Après un fort réussi Cid l’an dernier, Les Fêtes nocturnes de Grignan mettent à l’honneur cet été Le Barbier de Séville de Beaumarchais.
Jean-Philippe Daguerre ne chôme pas. Au Festival d’Avignon, il présentait cet été Du charbon dans les veines, déjà récompensé par 5 Molières, et sa nouvelle pièce tirée de Marcel Pagnol, Marius. Cet été marquait également pour ce metteur en scène chevronné ses débuts aux Fêtes nocturnes de Grignan. Chaque été depuis 1987, le théâtre investit le magnifique cadre du château de Grignan, attirant environ 35 000 spectateurs pour une quarantaine de dates estivales.
Après avoir présenté en 2004 Le Mariage de Figaro, c’est au tour de la deuxième pièce du Roman de la famille Almaviva de Beaumarchais de se voir montée.
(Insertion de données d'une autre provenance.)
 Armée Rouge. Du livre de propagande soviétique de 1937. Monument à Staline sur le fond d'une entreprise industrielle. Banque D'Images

Comme l’explique Jean-Philippe Daguerre dans sa note d’intention à propos du Barbier de Séville : « Les problèmes concernant la position de la Femme dans la société ainsi que les méandres matériels et philosophiques provoqués par l’obsessionnelle montée de l’échelle sociale n’ont jamais fait si bien écho à notre époque. Le traitement de l’intrigue et les caractères des personnages permettent tout au long de la pièce d’alterner situations comiques et dramatiques. » Et cette pièce, créée en 1775, continue de faire rire et réfléchir, 250 ans après. Il est toujours stupéfiant de constater à quel point la langue de Beaumarchais reste compréhensible et percutante pour le public d’aujourd’hui.
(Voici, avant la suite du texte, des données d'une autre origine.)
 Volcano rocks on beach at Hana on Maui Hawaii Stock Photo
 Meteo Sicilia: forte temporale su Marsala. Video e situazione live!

Pour sa mise en scène, Jean-Philippe Daguerre livre un spectacle efficace, mais classique. Situant l’intrigue dans une arène (eh oui, Séville !), le spectacle sent un peu trop l’Espagne et les clichés qui y sont associés. L’arène symbolise certes les joutes que se livrent Almaviva et Bartolo pour obtenir le cœur de Rosine, mais le propos est un peu appuyé. On est d’autant plus chagriné par les saillies musicales qui parsèment l’ouvrage, tantôt créations, tantôt emprunts à l’opéra éponyme de Rossini créé en 1816. L’intention est louable, créant de véritables respirations dans l’ouvrage. Pour autant, c’est comme si le metteur en scène ne faisait pas suffisamment confiance au texte même de Beaumarchais et à la contemporanéité de celui-ci pour maintenir son public attentif. Saluons en revanche les très beaux costumes signés Corinne Rossi, qui captent l’essence colorée et chaleureuse de Séville.
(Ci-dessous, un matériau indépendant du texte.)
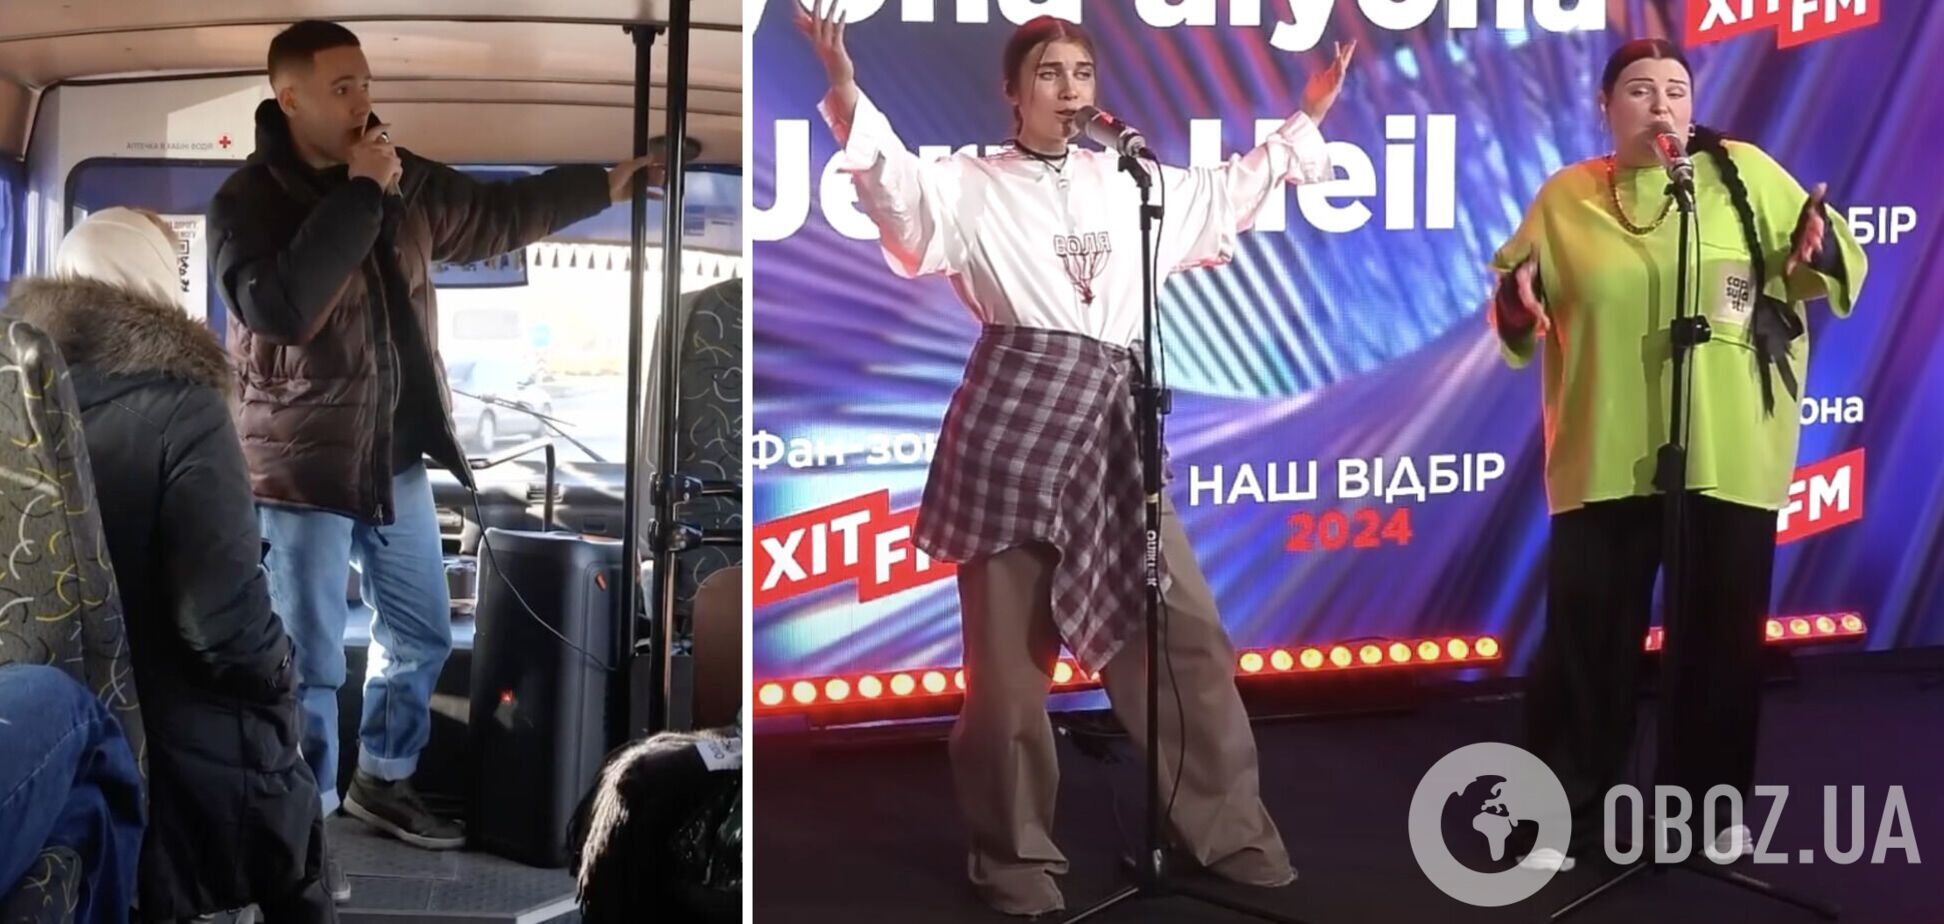 Як учасники нацвідбору піарять себе перед фіналом: Yaktak співає в автобусі, а Melovin 'топить' Jerry Heil та alyona alyona

Côté jeu, saluons l’espièglerie du Figaro de Pascal Vannson. Manigançant et manipulant, l’acteur convainc pleinement par son énergie et son côté hâbleur. Notons également l’Almaviva incarné par Jean-Baptiste Artigas, dont la présence et la verve ne peuvent que faire chavirer le cœur d’Elvire.
Ce Barbier de Séville se révèle donc classique et quelque peu convenu, au risque de décevoir le spectateur chevronné ayant écumé une bonne partie du Festival d’Avignon le mois précédent. Pour autant, le cadre magnifique du château de Grignan, dont la façade ressort embellie par les lumières de Moïse Hill, reste l’une des scènes estivales les plus belles de France, et constitue donc un argument de taille.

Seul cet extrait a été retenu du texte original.